The theatre was built at the request of Armenian magnate Daniel Mailov and funded by Azeri magnate Zeynalabdin Taghiyev. In 1910, famous Russian soprano Antonina Nezhdanova visited Baku giving several concerts at various clubs and performance venues. On a ball organized on the occasion of Nezhdanova's departure at the local casino, she was asked whether she would like to visit Baku again. Her response was negative followed by a concern that in a city of so many wealthy people no one would fund the construction of a decent opera theatre where singers could fully demonstrate their musical talent. Daniel Mailov who had grown to admire both Nezhdanova's voice and persona during her tour decided to use this opportunity and offered her to revisit Baku in one year to attend the opening of a new opera theatre, which he would order to build in her honour. According to an urban legend, Mailov and his brother were not invited to a housewarming ball of a famous opera singer from Baku whose new house (now the head office of SOCAR) was one of the most outstanding pieces of architecture in the city. The Mailovs therefore decided to erect a building of their own outdoing the "tactless" singer.
The Russian architect and civil engineer of Armenian descent Nikolai Bayev designed the architectural sketch of the theatre. However the construction of such grandiose building in a year was unheard of at the time and required many safety measures to be taken. The Mailovs decided not to wait for the approval of the City Council but were ordered to stop the construction as it violated building regulations. Soon Bayev managed to convince the city legislature and received its approval. Azeri magnate Zeynalabdin Taghiyev who had earlier sponsored the construction of the Taghiyev Theatre (present-day Azerbaijan State Musical Comedy Theatre) expressed his doubts that the new theatre could be fully constructed in such a short period of time. Daniel Mailov laid a bet: if the Mailovs did not manage to get the theatre built on time, they would offer it to Taghiyev as a gift; if the theatre was indeed built by 1911, Taghiyev would have to cover all the building expenses.
The three-shift work at the site involving 200 workers ensured speedy construction of the building. All works were completed in less than 10 months. The total costs for construction exceeded 250,000 rubles. The city mayor Peter Martynov accompanied by architects and engineers examined the newly built theatre and confirmed its safety. As promised, Taghiyev paid all the expenses. The official opening of the Mailyovs' Theatre was scheduled on 28 February 1911. Daniel Mailov notified Nezhdanova of the ceremony by telegramme beforehand, and the renowned soprano became the first singer to perform at the new opera house. Most of Baku's multiethnic elite attended the event; among the ones not present was the opera singer who had not invited the Mailovs to his housewarming ball.

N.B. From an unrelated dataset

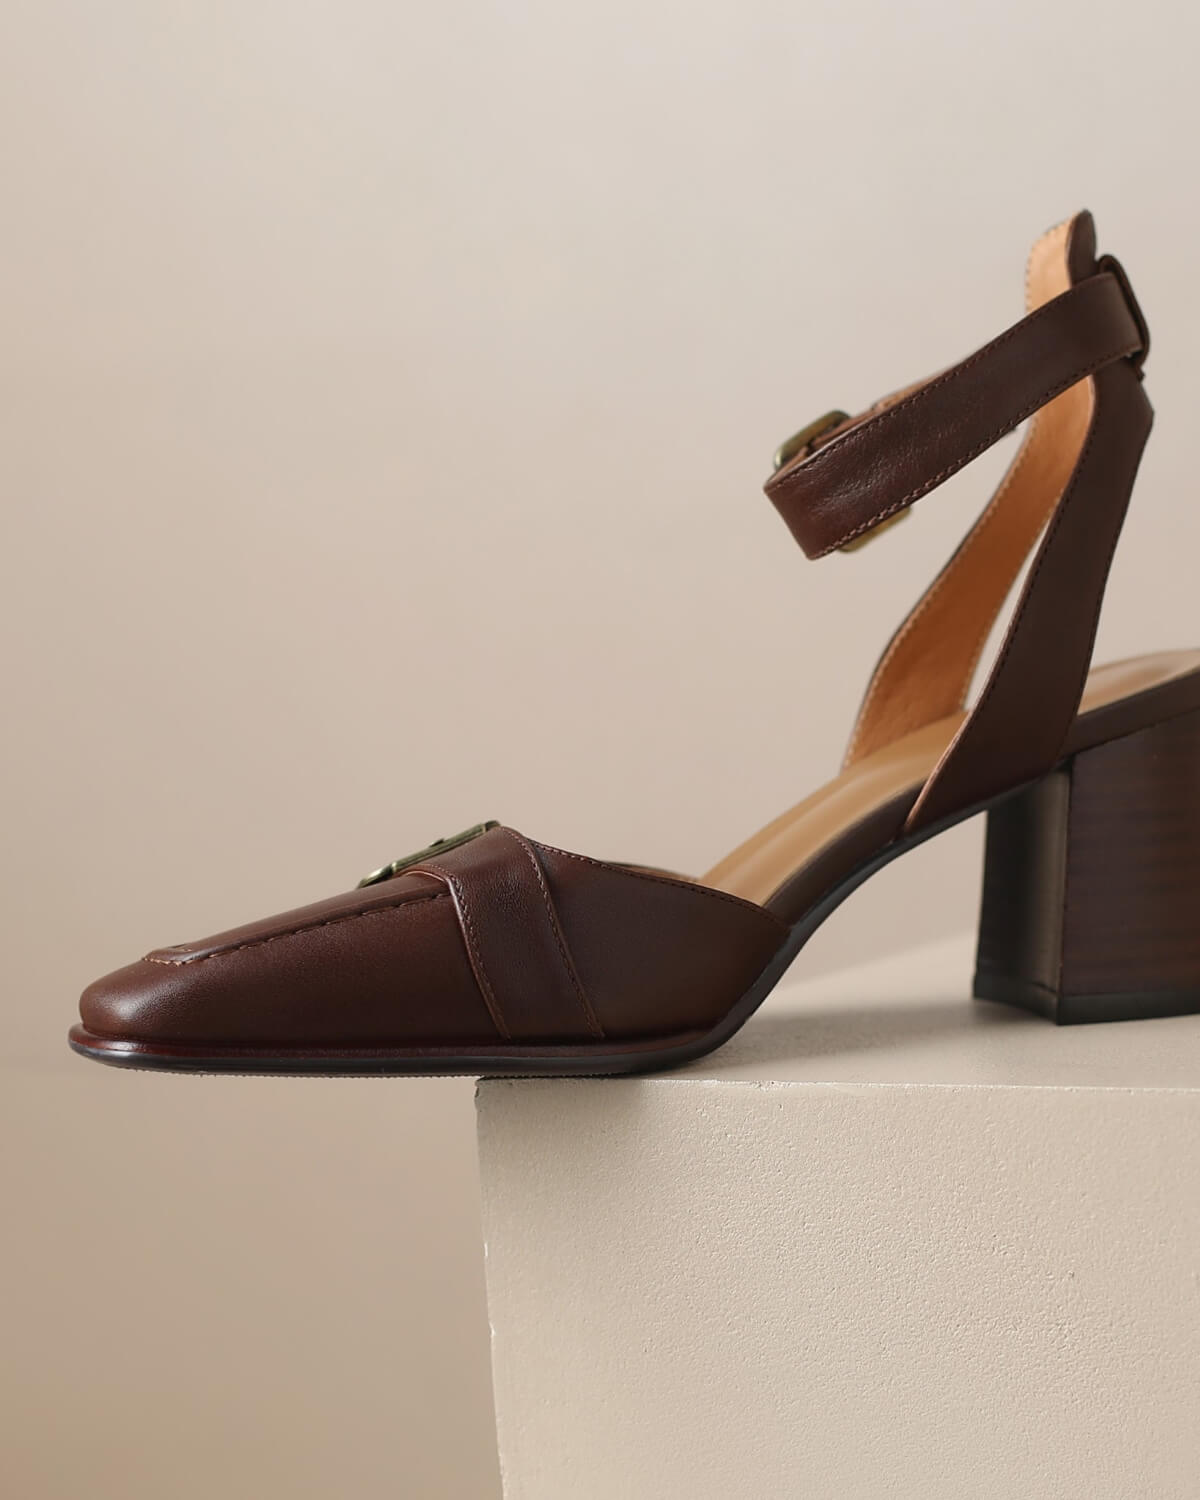 Lando-Square-Toe-Ankle-Strap-Brown-Leather-Heels-1

In 1916, the theatre acquired a resident organization (Pavel Amirago's opera troupe) and began to function on a permanent basis. In 1920, it became a state theatre known as the Opera and Ballet Theatre. In 1925, the Azerbaijani Opera Troupe, the Russian Opera Troupe and the Drama Troupe united to become the official resident organization, and in 1927 the theatre was named after writer Mirza Fatali Akhundov. In 1959, it received the status of an academic theatre.

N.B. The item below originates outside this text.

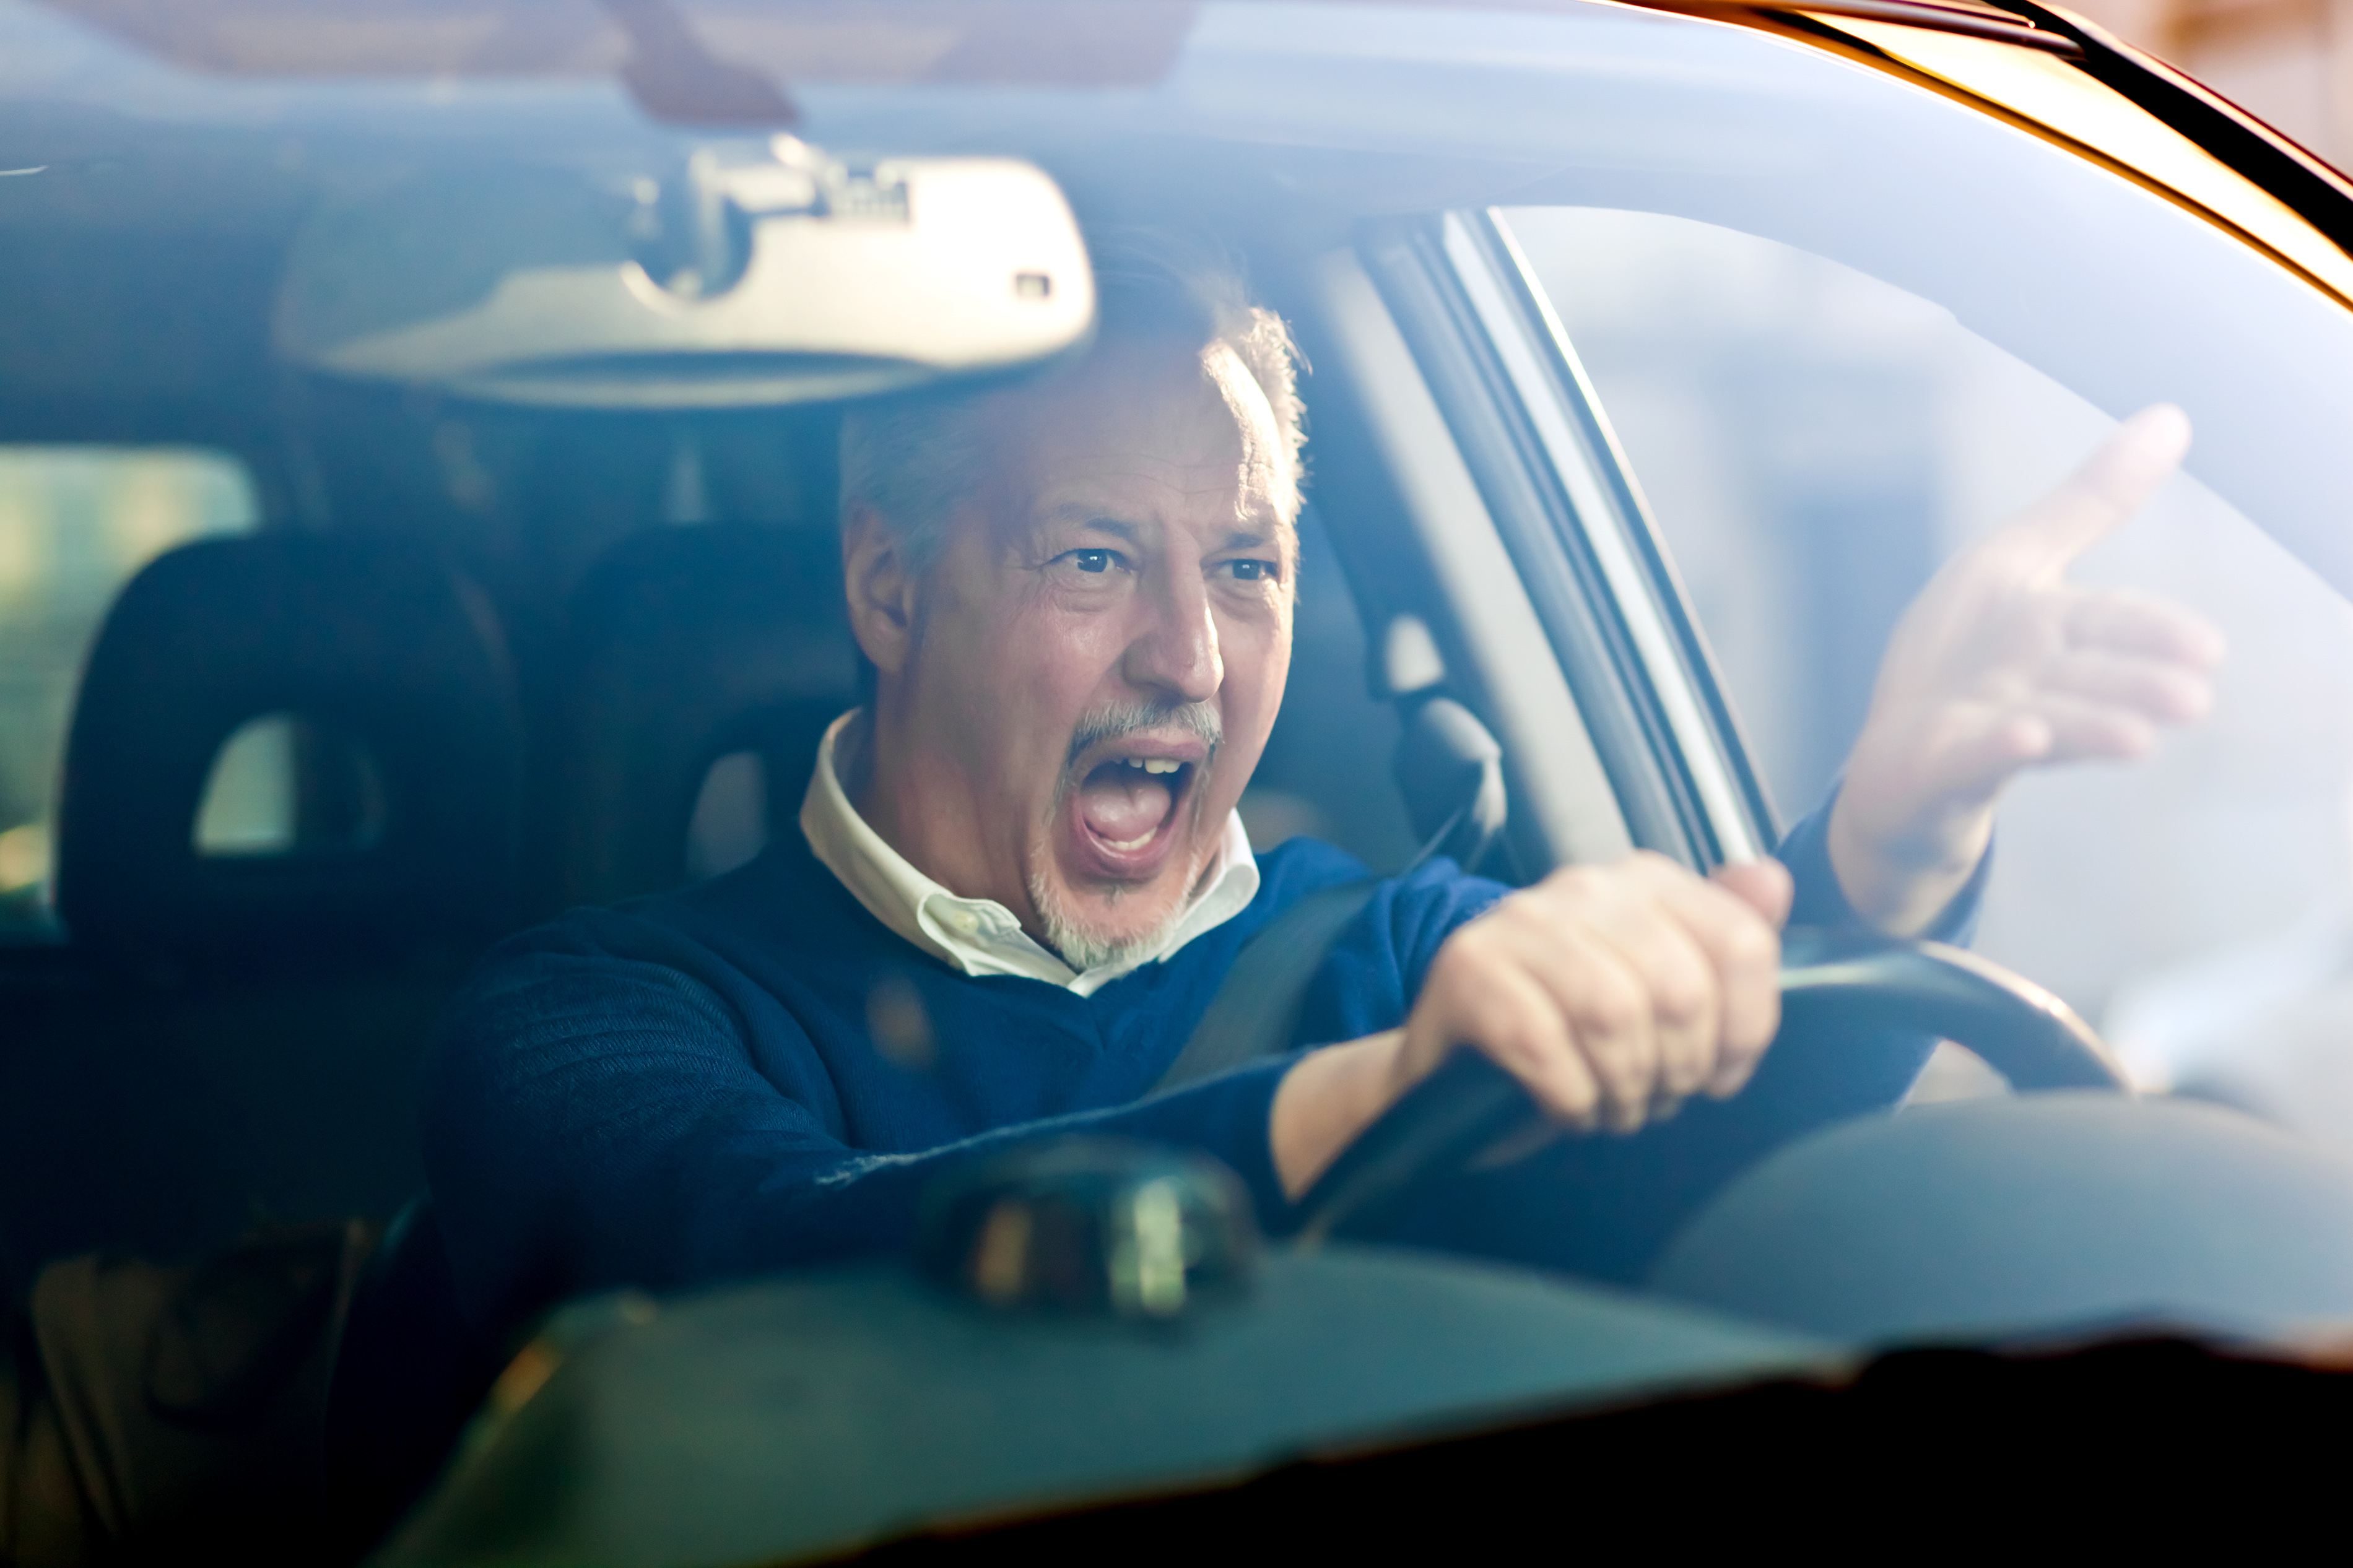 Angry man in a car | Source: Shutterstock

In 1985, the newly renovated theatre mysteriously burned down. In 1987, all the restoratory works were finished and the theatre reopened its doors.
- Opera in Azerbaijan by Azer Rezayev. Azerbaijan International. #5.4. Winter 1997
- (Russian) On Baku for Those Who Has Never Been There by Elena Kolmanovskaya. Baku Pages. 31 March 2003
- (Russian) The Opera and Ballet Theatre by Manaf Suleymanov. The Past Days. 1990
- Armenia-Russia: The dialogue in the space of artistic culture, Materials of International symposium, Moscow 2010, p. 16 (by Dr. M. Gasparyan)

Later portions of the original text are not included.